Re: [RFC] Programming model for io_uring + eBPF

From: Pavel Begunkov <asml.silence@gmail.com>
To: Christian Dietrich <stettberger@dokucode.de>,
	io-uring <io-uring@vger.kernel.org>
Cc: Horst Schirmeier <horst.schirmeier@tu-dortmund.de>,
	"Franz-B. Tuneke" <franz-bernhard.tuneke@tu-dortmund.de>
Subject: Re: [RFC] Programming model for io_uring + eBPF
Date: Wed, 2 Jun 2021 11:47:50 +0100	[thread overview]
Message-ID: <49df117c-dcbd-9b91-e181-e5b2757ae6aa@gmail.com> (raw)
In-Reply-To: <s7b1r9sfn1k.fsf@dokucode.de>

On 5/27/21 12:12 PM, Christian Dietrich wrote:
> Pavel Begunkov <asml.silence@gmail.com> [21. May 2021]:
> 
>>> The problem that I see is that eBPF in io_uring breaks this fine
>>> synchronization as eBPF SQE submission and userspace SQE submission can
>>> run in parallel.
>>
>> It definitely won't be a part of ABI, but they actually do serialise
>> at the moment.
> 
> They serialize because they are executed by the same worker thread,
> right?

No, because all submissions are currently under ctx->uring_lock mutex
and also executed in the submitting task context (no io-wq). I hope to
get rid of the second restriction, i.e. prior upstreaming, and maybe
do something about the first one in far future if there will be a need.

> Perhaps that is the solution to my synchronization problem. If/when
> io_uring supports more than one eBPF executioners, we should make the
> number of executors configurable at setup time. Thereby, the user can
> implicitly manage serialization of eBPF execution.

I wouldn't keep it a part of ABI, but may be good enough for
experiments. So, it'll be UB and may break unless we figure
something out.

... actually it sounds like a sane idea to do lock grabbing lazy,
i.e. only if it actually submits requests. That may make sense if
you control several requests by BPF, e.g. keeping QD + batching.
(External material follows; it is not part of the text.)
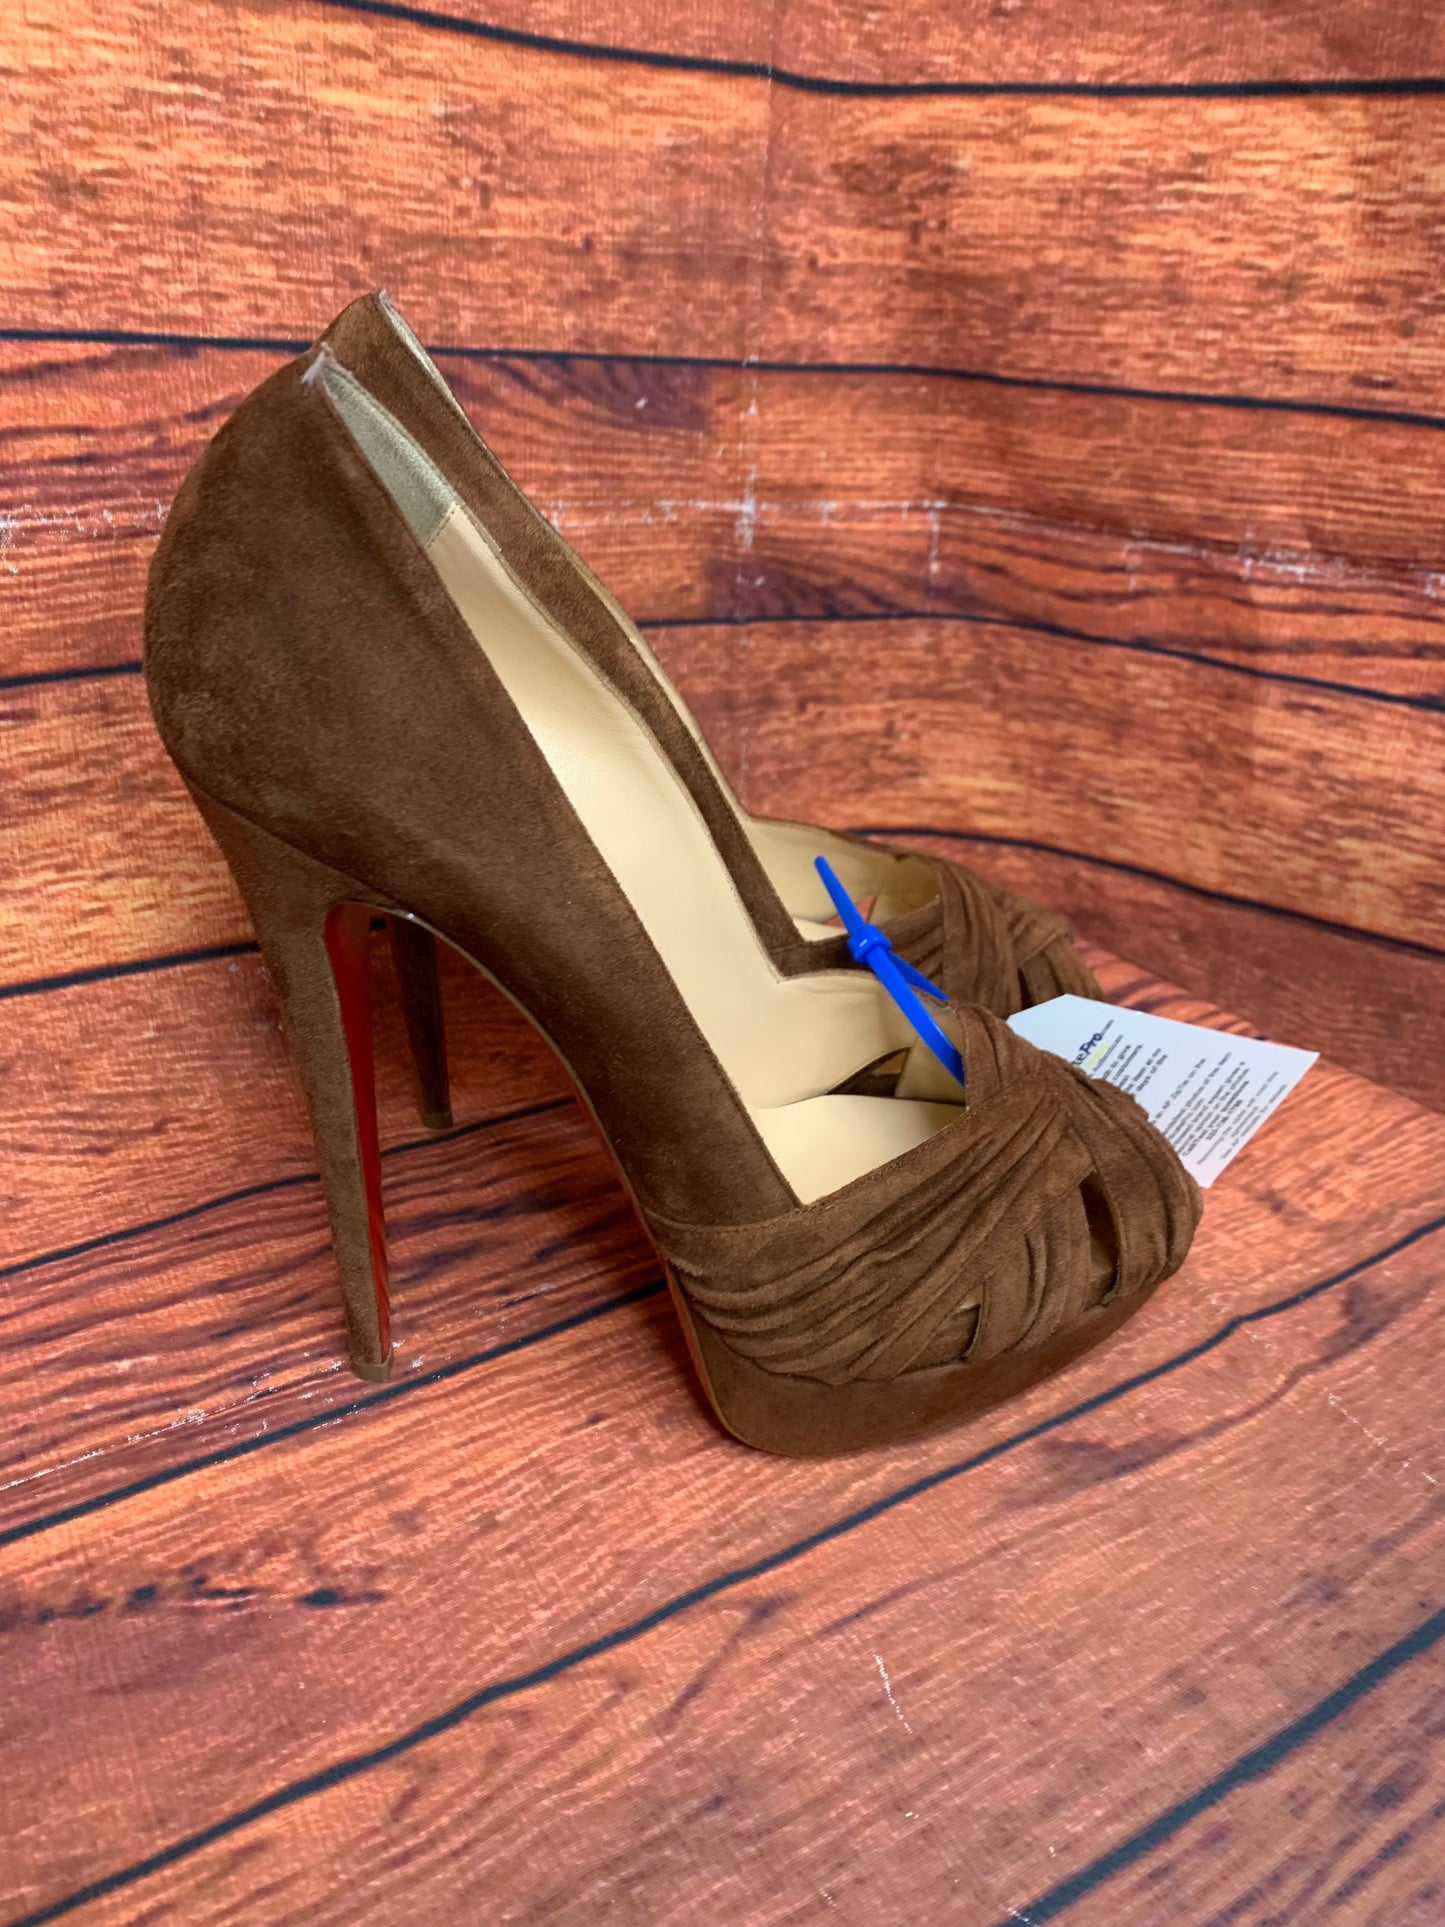 Shoes Heels Stiletto By Christian Louboutin  Size: 10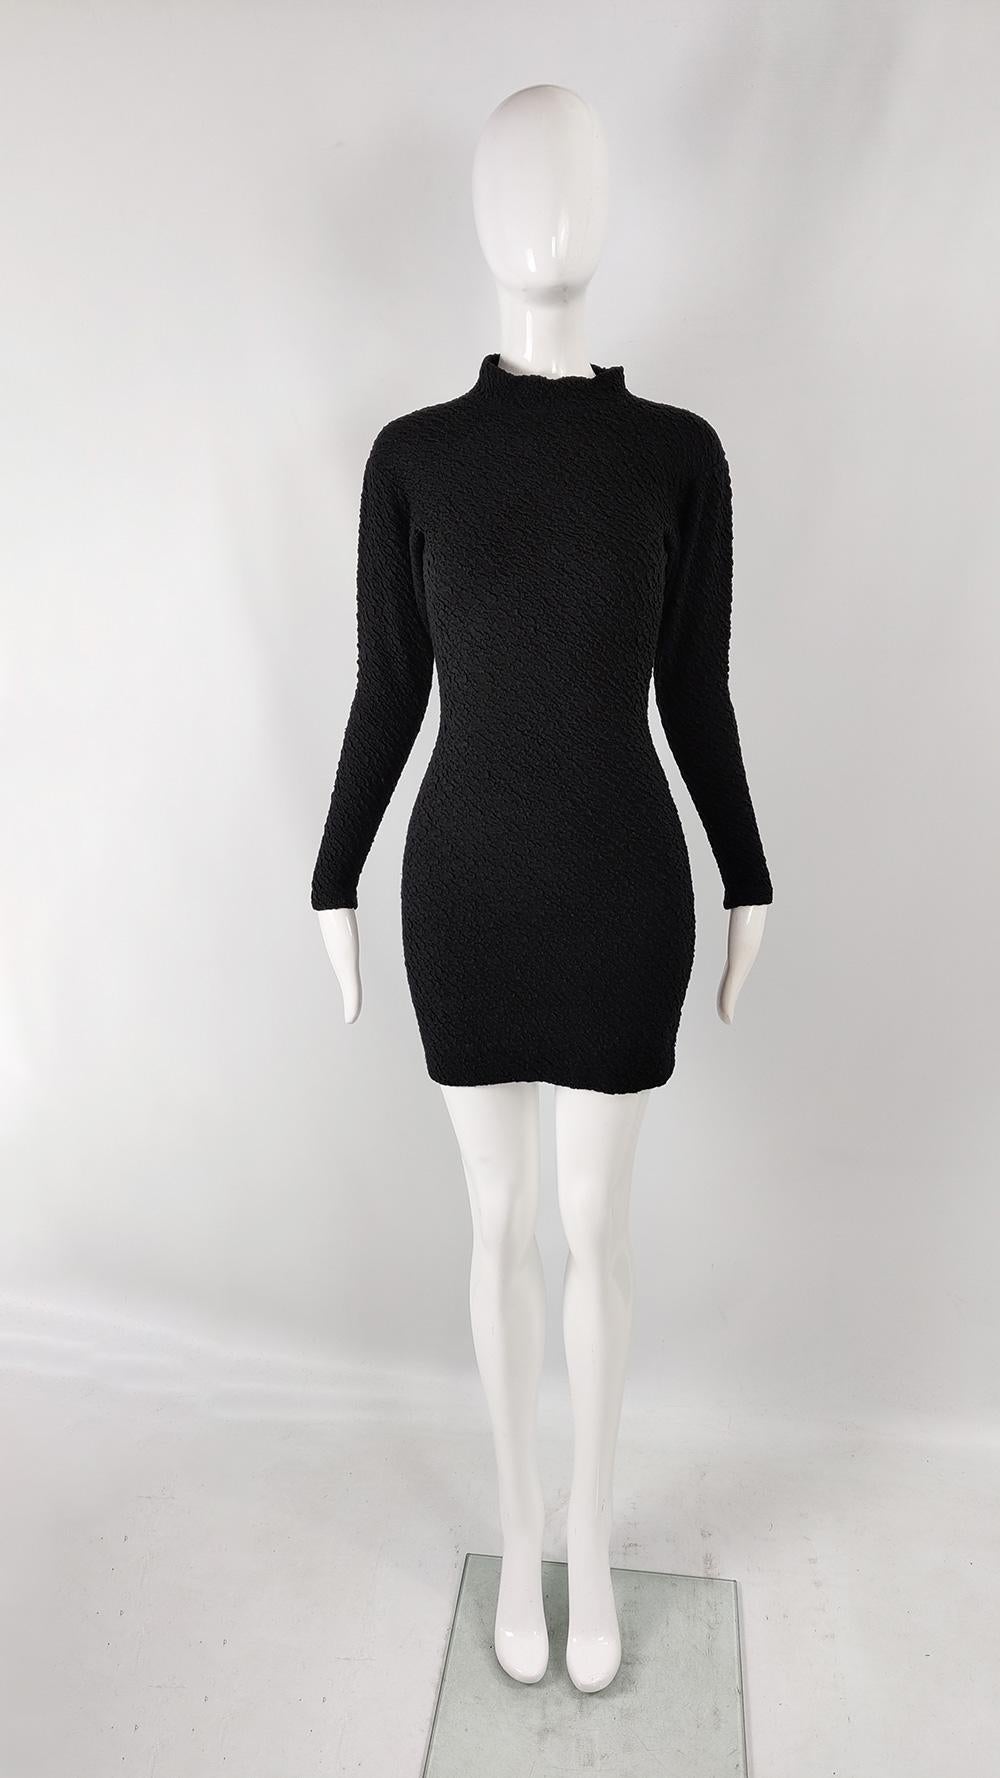 A sexy and fun vintage womens party dress from the 80s by luxury Italian fashion house, Fiorucci. Fiorucci were known for their fun designs in bold or experimental fabrics and this dress is a great example of this. Made in Italy from a black body

>>> But going back to my original wish: I wanted to ensure that I can
>>> serialize eBPF-SQEs such that I'm sure that they do not run in parallel.
>>> My idea was to use synchronization groups as a generalization of
>>> SQE linking in order to make it also useful for others (not only for eBPF).
>>
>> So, let's dissect it a bit more, why do you need serialising as
>> such? What use case you have in mind, and let's see if it's indeed
>> can't be implemented efficiently with what we have.
> 
> What I want to do is to manipulate (read-calculate-update) user memory
> from eBPF without the need to synchronize between eBPF invocations.
> 
> As eBPF invocations have a run-to-completion semantic, it feels bad to
> use lock-based synchronization. Besides waiting for user-memory to be
> swapped in, they will be usually short and plug together results and
> newly emitted CQEs.

swapping can't be done under spinlocks, that's a reason why userspace
read/write are available only to sleepable BPF.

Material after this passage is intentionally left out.